What to do if your claim is declined

If your claim is declined, we’ll provide you with the reasons for this in writing as well as the documents and information that we have relied on to reach the claim decision. Prior to making a final decision, we will provide you with an opportunity to respond and provide additional information.

If you were not provided with the documents and information that we have relied on to reach the claim decision, you have the right to request them, and we will provide them to you within 10 business days. If you disagree with our decision, you can request that we review it. Alternatively, you can access our complaints process. See more information on our feedback and complaints process.

What to do if you would like to provide feedback or raise a complaint

We are committed to providing you with efficient and caring service, and our people are dedicated to ensuring we can help you.

If you do not think we have lived up to this promise and you have a concern or complaint, we want to listen and ensure your issue is dealt with in a fair and balanced way.

To make a compliment, complaint, or suggestion about our claims process, please leave us some feedback so that we can work with you to improve our services.

To do this you can:

  • Contact our Customer Relations team on 132 135 Monday to Friday 8.30am – 5.30pm (Sydney Time).
  • Alternatively, you can post your suggestions to BT, GPO Box 2675, Sydney NSW 2001. 
  • Email us at liferesolutionsbt@btfinancialgroup.com

See more information on our feedback and complaints process.

If you are not satisfied with our response or handling of your complaint, you can contact the Australian Financial Complaints Authority (AFCA):

We’re here to help

If you’re experiencing any difficulty with our claims process or have any questions, contact us to chat about how we can support you.

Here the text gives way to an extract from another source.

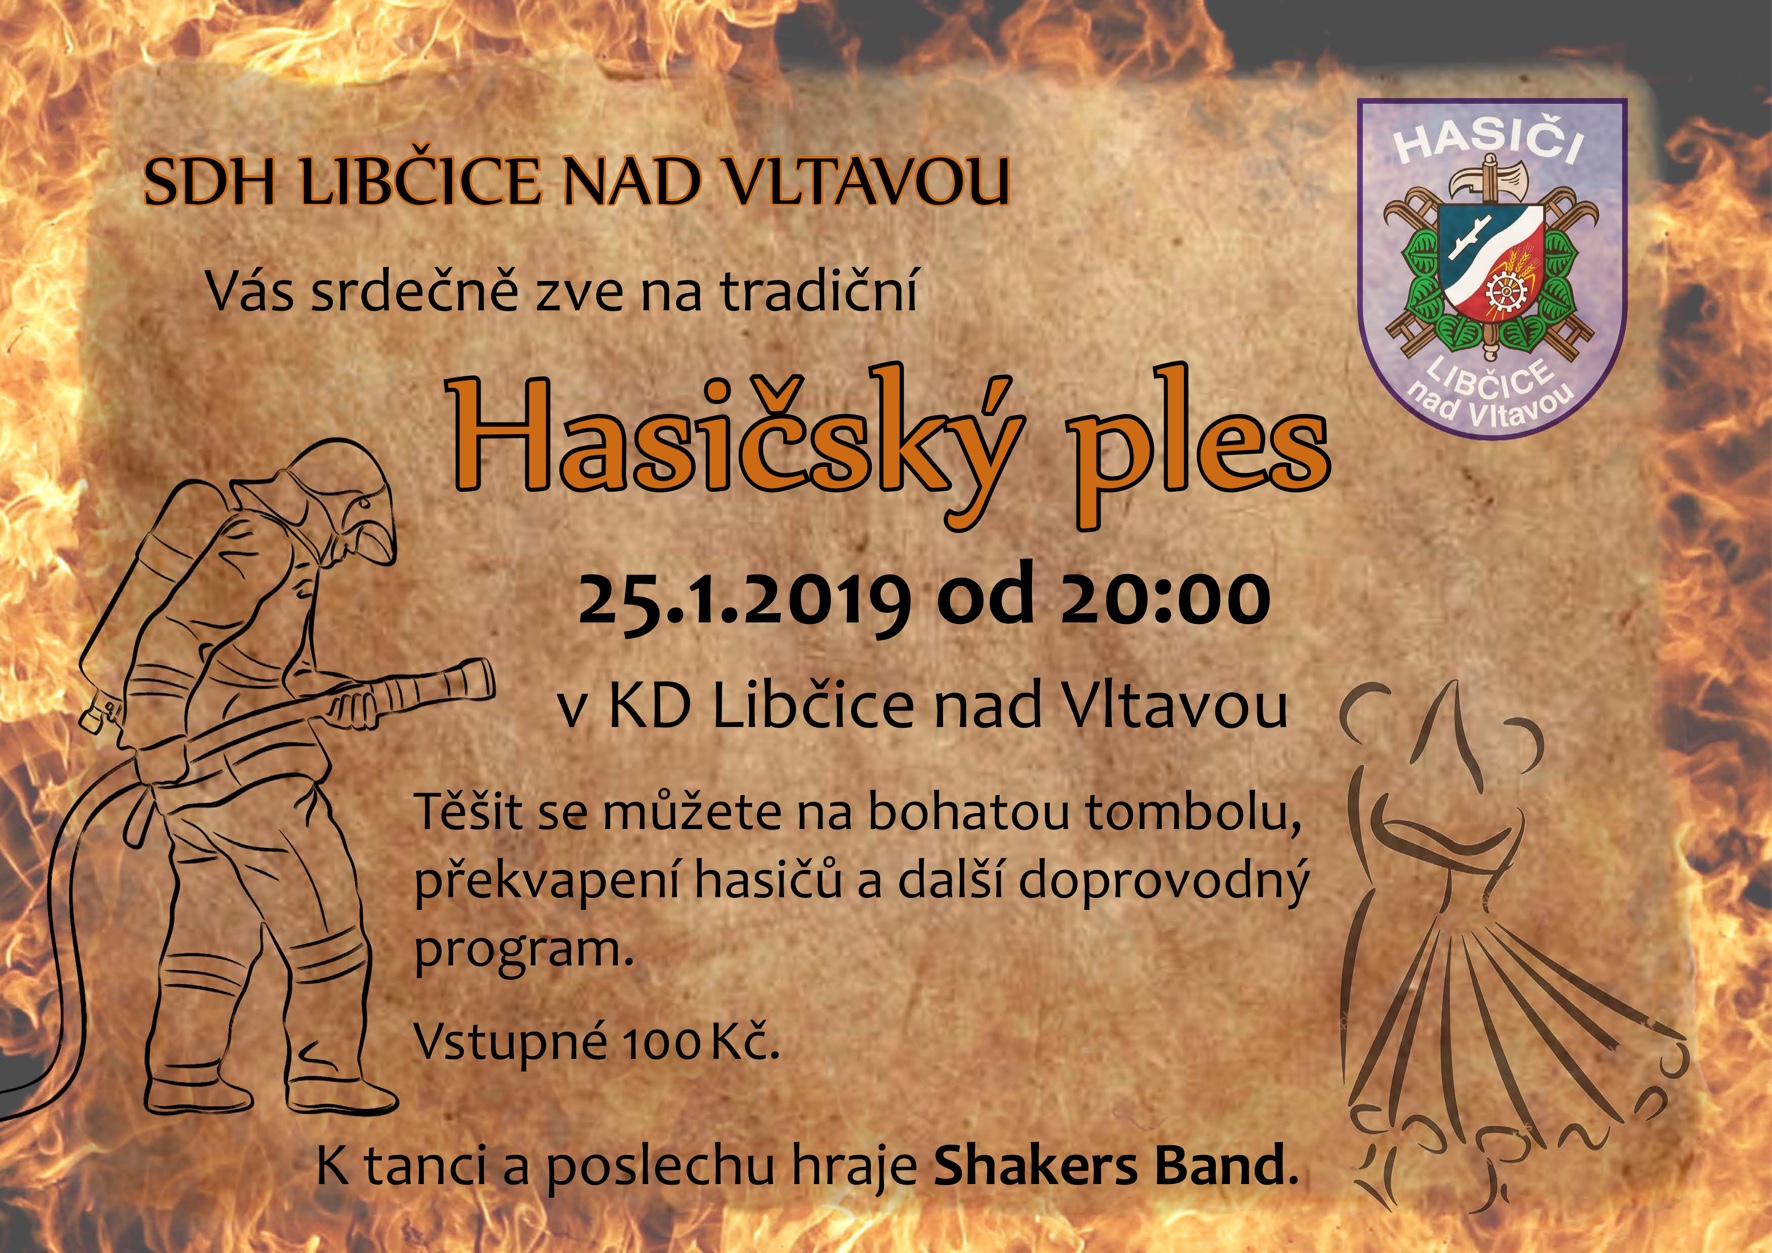 Hasičský ples SDH Libčice @ KD Libčice | Libčice nad Vltavou | Středočeský kraj | Česká republika
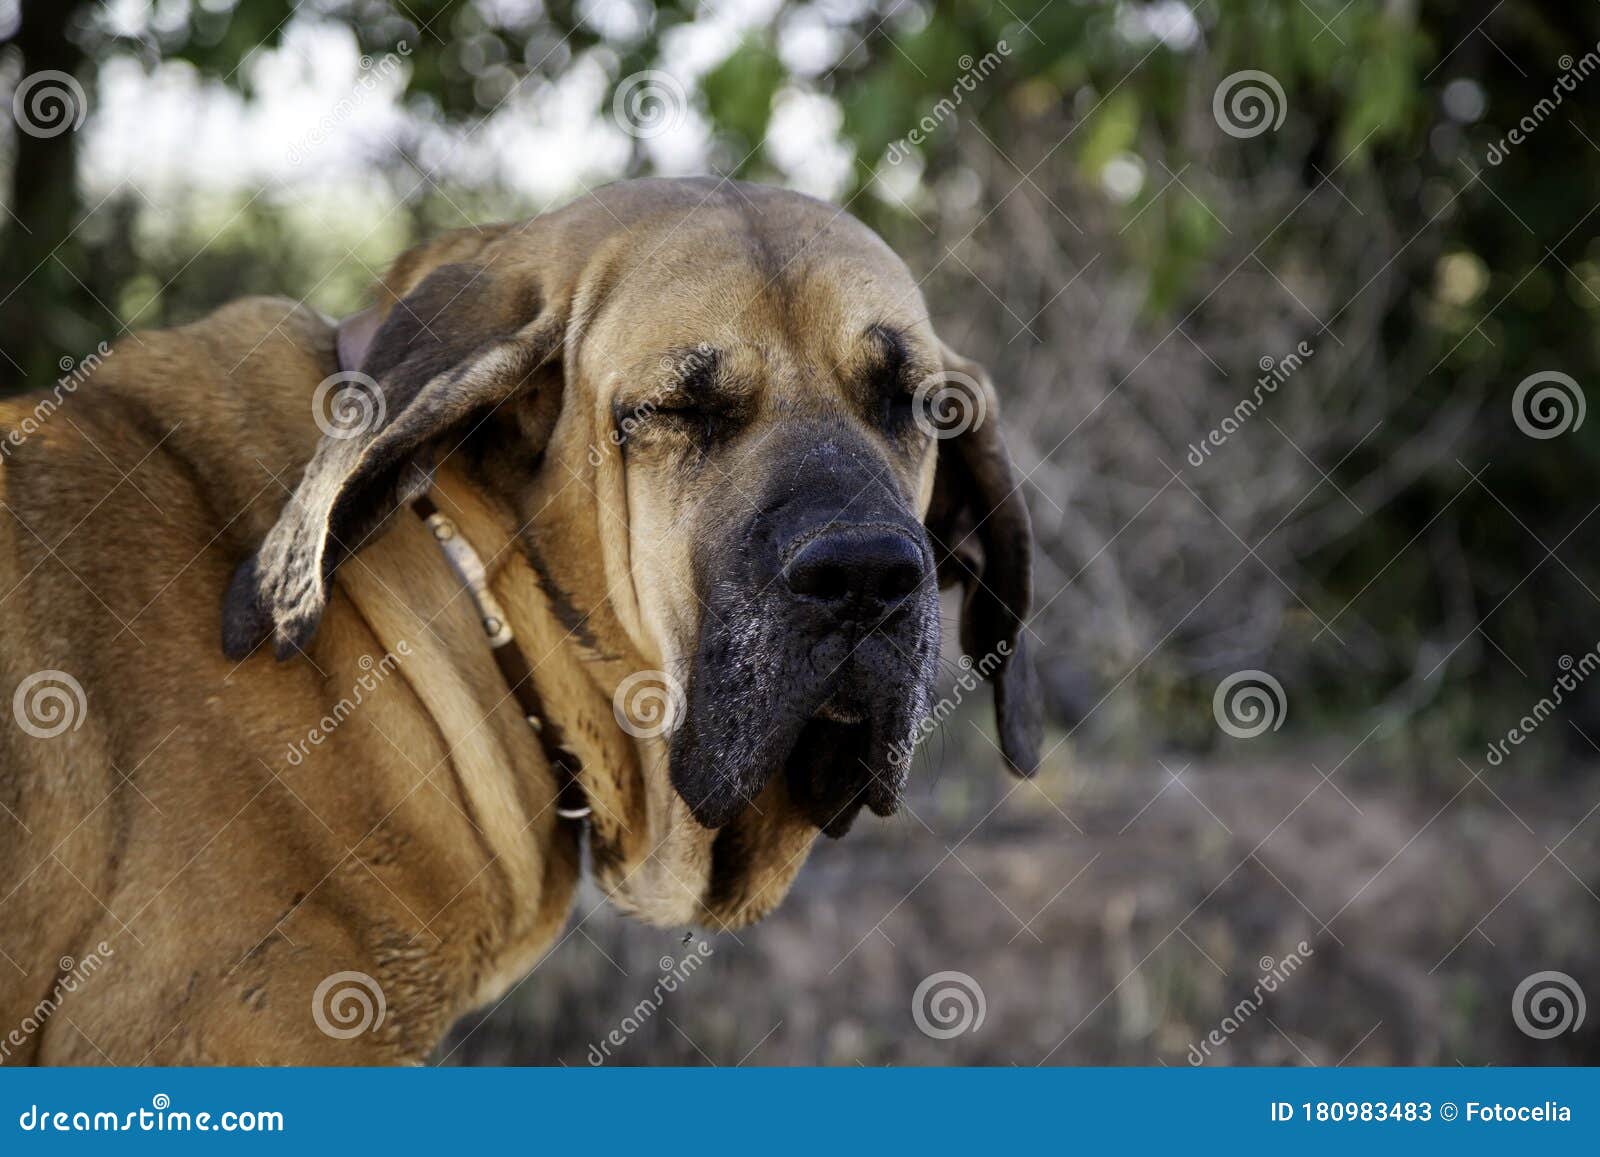 Dog fila brasileiro stock image. Image of canine, length - 180983483

Please call us on 1300 553 764, Monday to Friday 8.00am – 6.30pm (Sydney time).  Alternatively, email us anytime at lifeclaims@btfinancialgroup.com.

If you’re unsure whether you can make an insurance claim, speak with your financial adviser. If you do not have a financial adviser, or would prefer to contact us directly, call 1300 553 764 Monday to Friday 8:00am to 6:30pm (Sydney time).

To provide feedback and resolve any concerns contact our Customer Relations team on 132 135, Monday to Friday 8.30am – 5.30pm (Sydney Time).

Our claims team are trained and empowered to assess claims promptly and fairly, providing real support and helpful advice during the claim process.

A target market determination has been made for Protection Plans products. Please visit bt.com.au/tmd for any of our target market determinations.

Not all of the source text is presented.